Но уже кто-то рядом с тобою вздохнул облегченно и протяжно, шмякнул шапку оземь: «Эх-ма, кабы денег тьма… Рванем, славяне! Где наше не пропадало!» И не все ли равно, кто это был — Суржиков, Степка ли Буян из третьего расчета, главное — ты вдруг словно бы впервые открыл для себя, что и дорогу расчищать, и землянки рыть придется не тебе одному.

Взял на лопату побольше, кинул подальше — цел и невредим. Еще раз — и вроде бы сил прибавилось. Глаза засыпает снежной пылью, хлопнул веками — ничего! «Х-хах!» — слитно выдыхают груди, и ты уже вошел в общий ритм.

Только что было ровное место — и уже протянулся в снегу на двадцать метров ров глубиной до земли, одни лишь пни торчат. От леса двинулась к тягачам плотная коричнево-зеленая лавина, плюхнулась под колеса. Отхлынули серые шинели: «Ужин проспишь, Григорян. Заводи!» Удаляется по ложбинке к лесу хохот, и ты хохочешь, потому что уже звенит кровь в твоем теле, уже обрели прежнюю силу мускулы, и — черт ли в том, что работы начать да кончить — на сутки, а то и больше, невелика беда, что слепит глаза, тает на лице, солоня губы, цепляется за каждую ворсинку шинели осточертевший снег; пусть идет он, этот липкий снег, чтоб успеть по-настоящему зарыться в землю, изготовиться к бою. А завтра… у бочки, приспособленной вместо печи, ты высушишь портянки и сапоги. Пропитанная, как губка, шинель твоя повисит на гвозде да и высохнет и, неказистая, опять станет незаменимой вещью: и одежкой солдатской, и простынью, и одеялом.

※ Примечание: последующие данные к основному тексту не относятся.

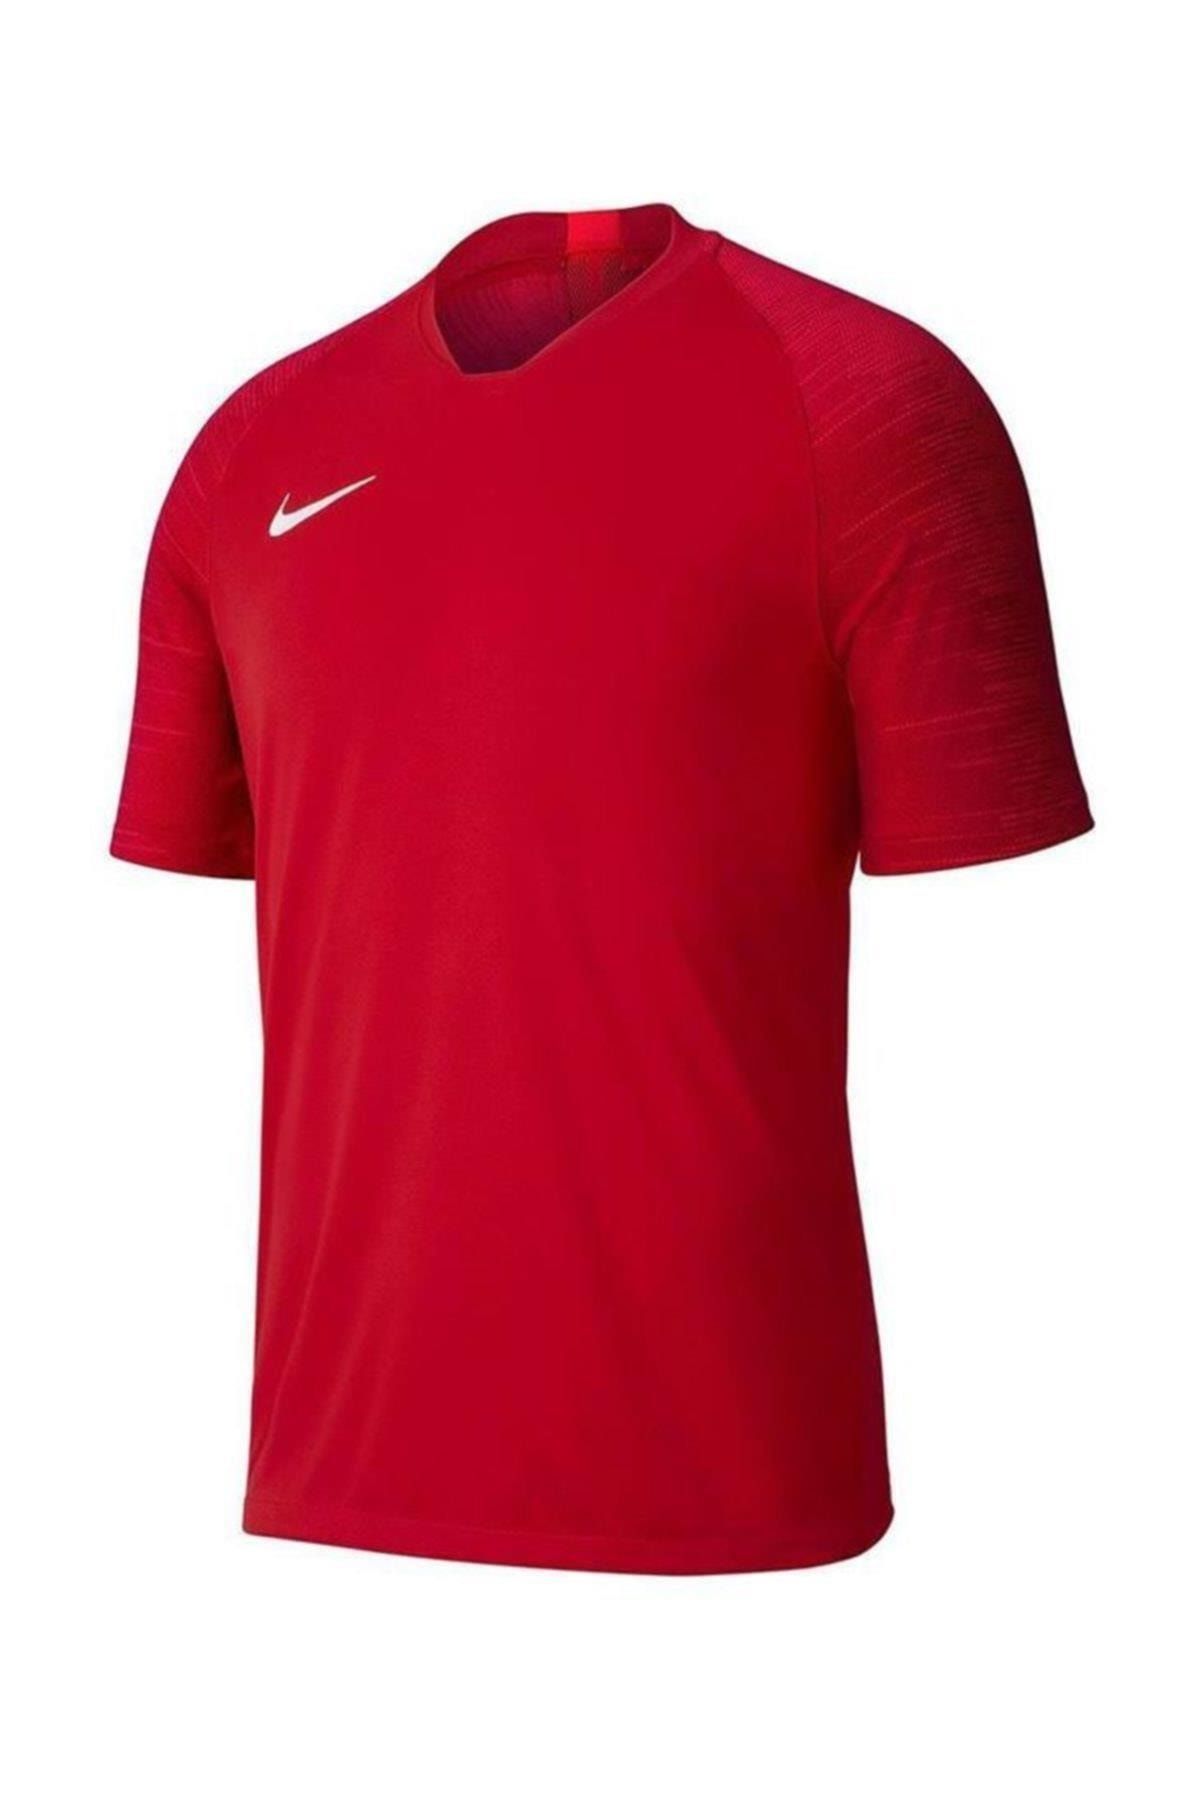 Nike Dry Strike Jsy Erkek Kırmızı Futbol T-shirt

Мелькают лопаты. То шлепается снег, то сеется на рваные, горбатые гребни мелкой песчаной россыпью, тает на лбу и мешается с потом; провел по глазам мокрой ладонью, пахнущей мазутом и размокшим березовым черепком, и снова вонзил лопату на весь штык:

— Проезжай, шофер, не мешай работать!

Сторожко входят в ров тягачи, смахивают пот со стеклянного лба резиновыми крылышками.

— Пош-шел! Живей, а то закидаем!

— Сто-ой! Крючья сорвешь… Товарищ старший лейтенант, пеньки мешают… Выше клиренса пушки…

— Детский лепет. Бондаревич, посоветуйте Кривоносову: что нужно сделать с пнями, если они выше клиренса пушки.

— Срубить!

— Слышали, Кривоносов? Срубить!

Смеются солдаты. Смеется Кривоносов. Улыбается Мещеряков. Звенят топоры.

— Костька, прах тебя возьми, щепки в снег не втаптывай. Золото, а не растопка. Сгреби в сторонку. Повариха заберет.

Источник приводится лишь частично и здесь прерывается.